We’re experiencing a critical issue with our OPC UA connector after a recent PLC firmware upgrade (Siemens S7-1500 to v2.9.3). The connector was working perfectly for automated quality checks, but now fails with Bad_NoCommunication errors when trying to read quality inspection signals.
The error appears specifically on the quality measurement nodes:
StatusCode: Bad_NoCommunication
Endpoint: opc.tcp://plc-quality-01:4840
Node: ns=3;s="Quality.InspectionResult"
Our certificate trust configuration hasn’t changed, and the OPC UA endpoint security policy is set to SignAndEncrypt. The PLC vendor mentioned changes to certificate handling in the new firmware, but we’re not sure how to reconfigure the connector to accommodate this.
This is blocking our entire quality workflow - we can’t automatically record inspection results anymore. Has anyone dealt with OPC UA certificate issues after PLC firmware updates? What’s the proper way to verify certificate trust and security policy compatibility?
Don’t forget to verify the security policy compatibility after importing the certificate. The new Siemens firmware might have changed the supported security policies. Check the PLC’s OPC UA server configuration to see which policies are enabled - you might need to adjust from SignAndEncrypt to Basic256Sha256 or Aes128Sha256RsaOaep depending on what the firmware supports now.
Adding to the previous responses - I had the exact same issue with Siemens v2.9.x firmware updates last quarter. Here’s the complete resolution process that addresses all three aspects of your problem:
1. OPC UA Endpoint Security Policy Alignment:
The v2.9.3 firmware defaults to Basic256Sha256 security policy and disables older policies. You need to verify your Smart Factory connector is configured to match:
<SecurityPolicy>Basic256Sha256</SecurityPolicy>
<MessageSecurityMode>SignAndEncrypt</MessageSecurityMode>
Update your OPC UA connection configuration file (usually in config/opcua/connections/) to explicitly set Basic256Sha256.
2. PLC Firmware Compatibility - Certificate Regeneration:
As others mentioned, the firmware upgrade regenerated the PLC’s application certificate. Export the new certificate from TIA Portal:
- Navigate to PLC Properties > OPC UA Server > Server Interfaces
- Export the application certificate (save as .der file)
- Import into Smart Factory: System Configuration > OPC UA Connector > Trusted Certificates
- Click “Import Certificate” and select the exported .der file
3. Certificate Trust Configuration - Complete Chain:
This is the part most people miss - you need bidirectional trust. The PLC also needs to trust Smart Factory’s client certificate:
- Export Smart Factory’s OPC UA client certificate from Certificate Management
- Import it into the PLC’s trusted certificates list via TIA Portal
- Under OPC UA Server security settings, ensure “Reject untrusted certificates” is properly configured
After completing all three steps, restart both the OPC UA connector service and the PLC’s OPC UA server.
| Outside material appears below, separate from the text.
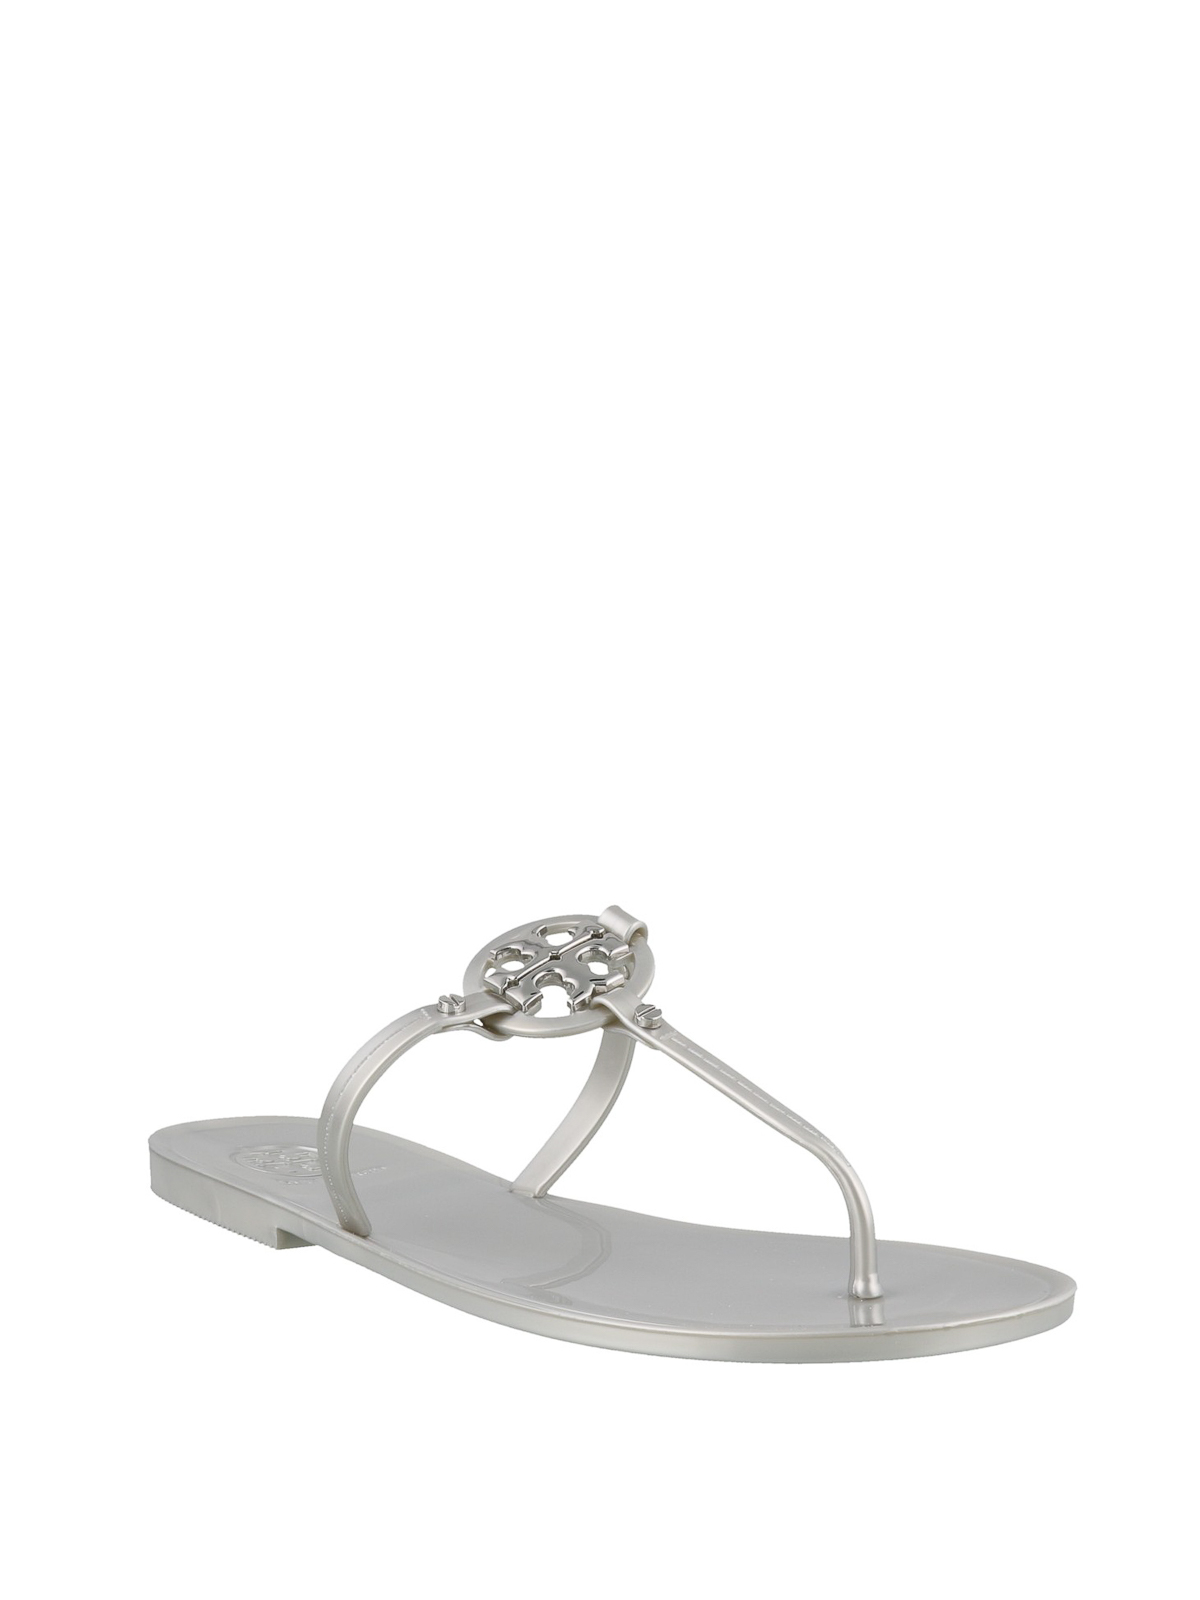 Flip flops Tory Burch - Mini Miller Jelly thong sandals - 51148678040

Test the connection with a simple read operation before enabling the full quality signal collection.
The Bad_NoCommunication error should resolve once the bidirectional certificate trust is established and the security policy matches. If you still see issues, enable detailed logging in the OPC UA connector (set log level to DEBUG) to see exactly which part of the handshake is failing.
One final tip: document your security policy and certificate configuration in a change management system. Firmware upgrades will continue to happen, and having this documented will save hours of troubleshooting next time.
The Siemens v2.9.3 firmware changed how it handles security policies. It now enforces stricter certificate validation and deprecated some older cipher suites. Your SignAndEncrypt policy is fine, but you need to verify the certificate chain is complete. Also check if your OPC UA connector supports the new security algorithms - older connector versions might not be compatible. What version of the OPC UA Connector module are you running?